++++ Given records ++++
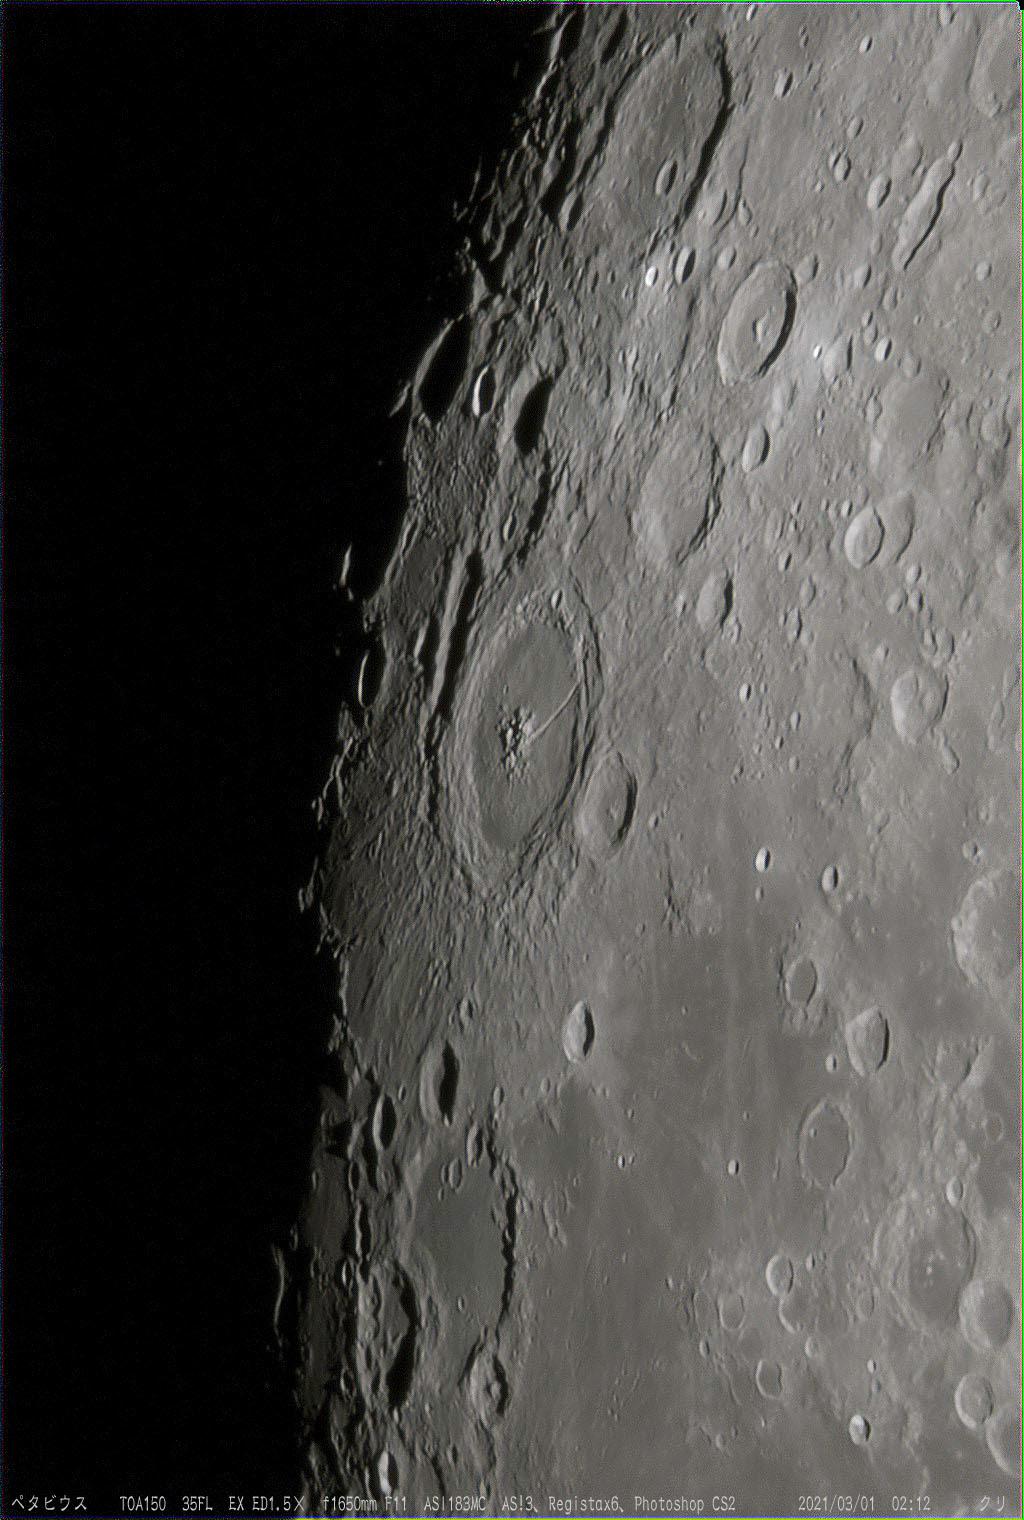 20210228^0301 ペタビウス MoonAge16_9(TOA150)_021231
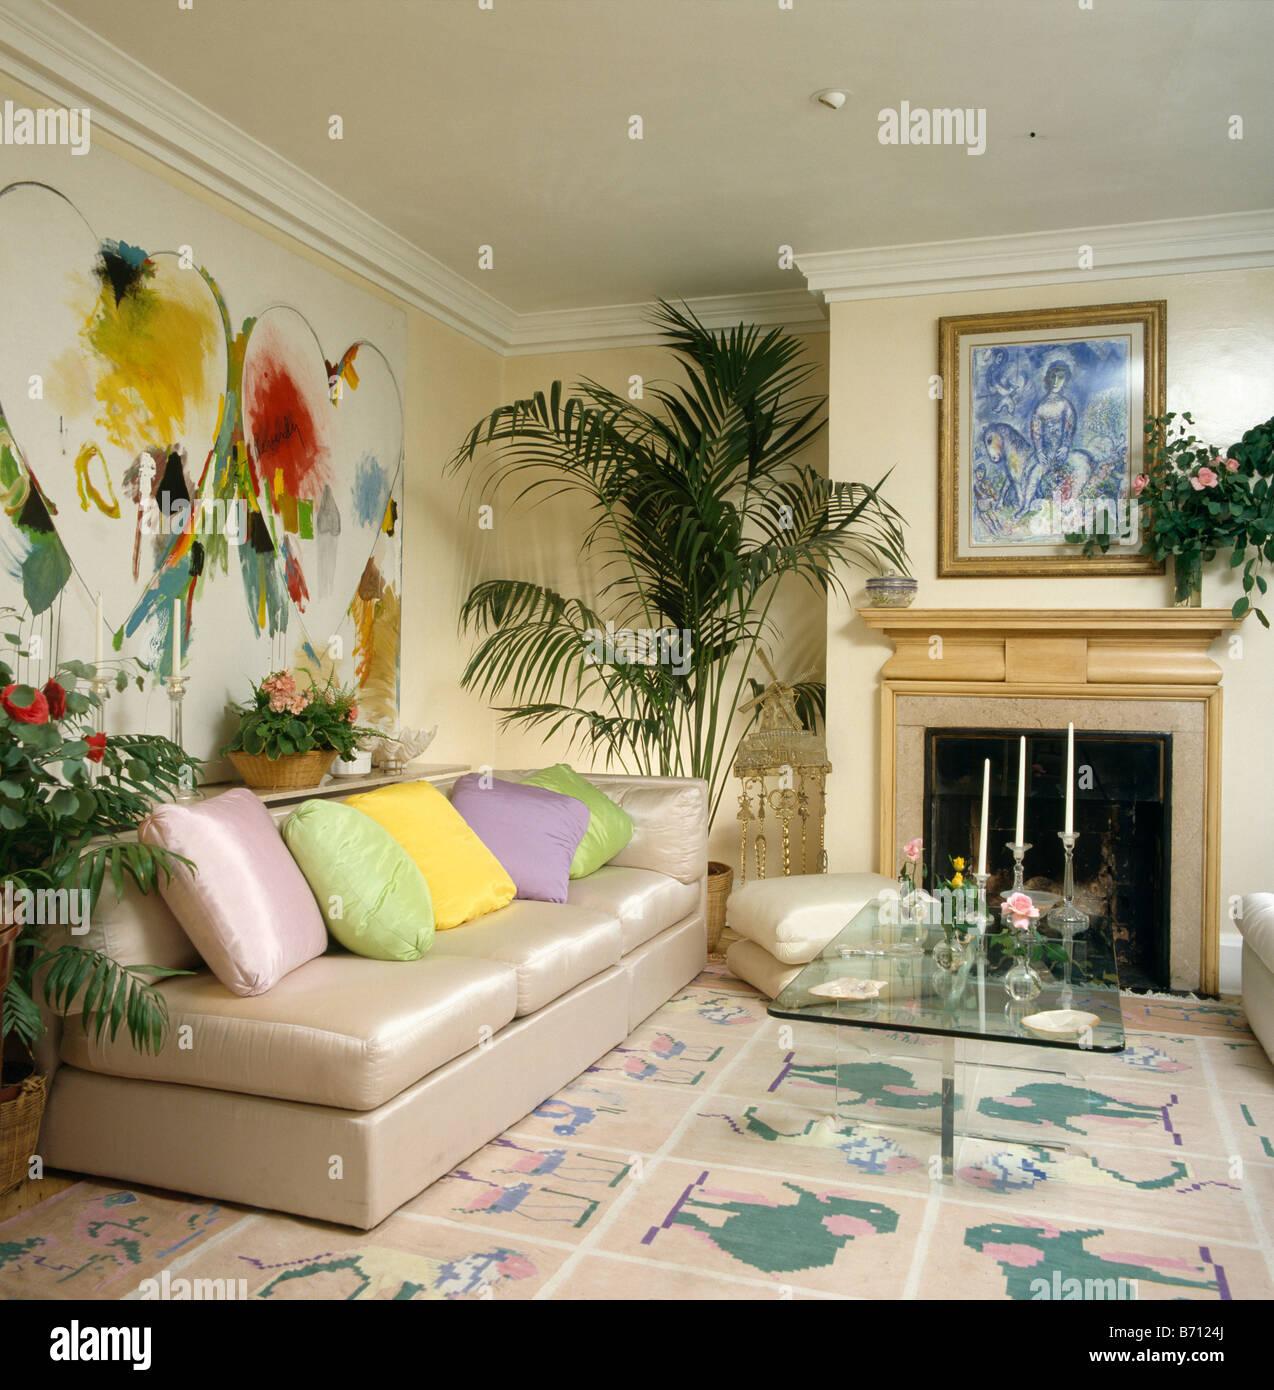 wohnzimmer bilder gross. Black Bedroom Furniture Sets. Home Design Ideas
++++
++++ Given records ++++
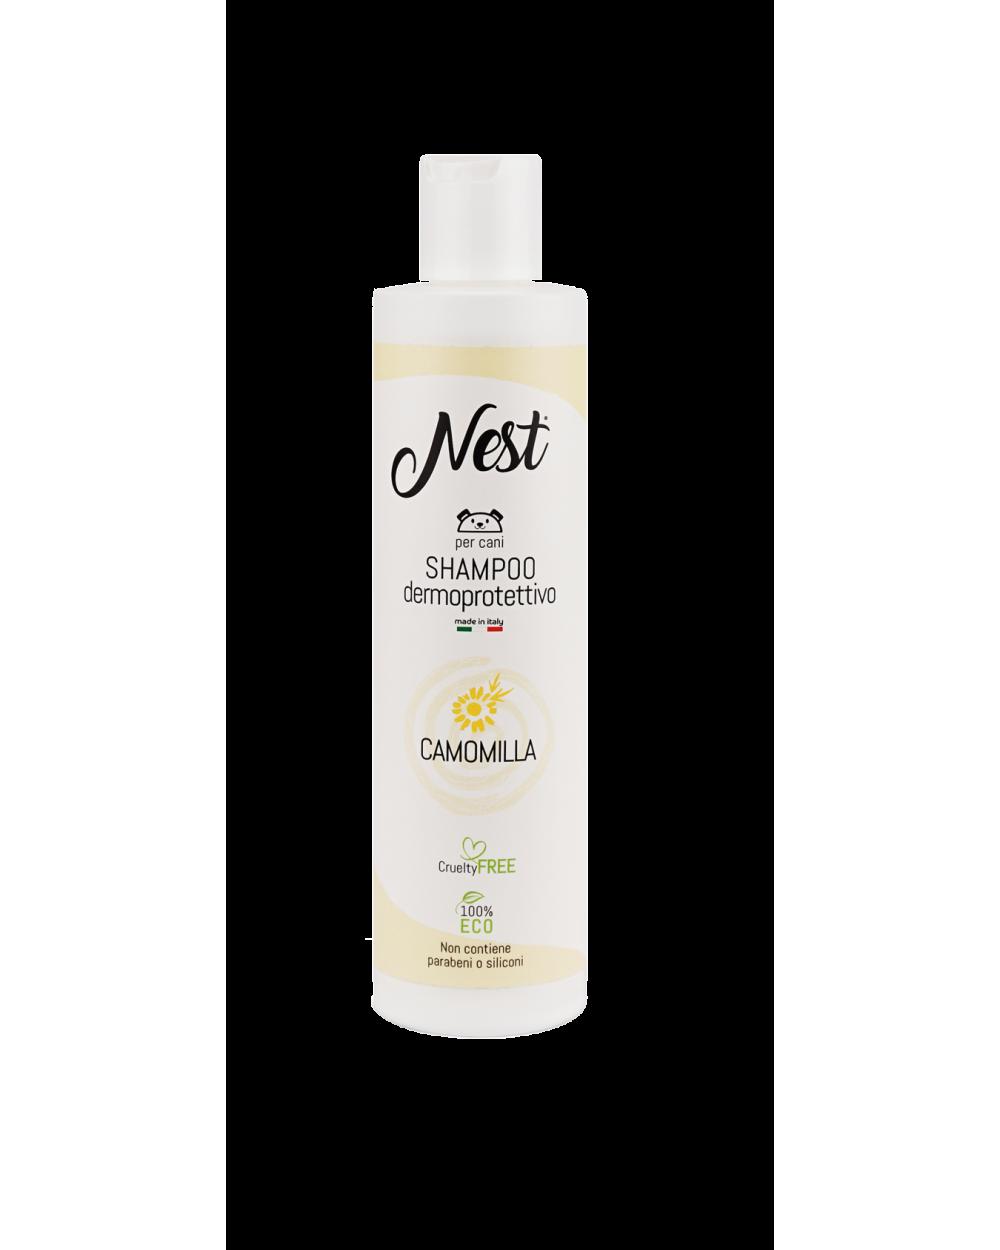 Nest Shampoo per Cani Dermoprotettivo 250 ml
++++
Activity: Look above for the line containing "20210228^0301 ペタビウス MoonAge16_9(TOA150)_021231", then copy exactly from it through the line containing "wohnzimmer bilder gross.", keeping both and leaving out pictures. Add nothing else.

Answer area:
 20210228^0301 ペタビウス MoonAge16_9(TOA150)_021231
 wohnzimmer bilder gross. Black Bedroom Furniture Sets. Home Design Ideas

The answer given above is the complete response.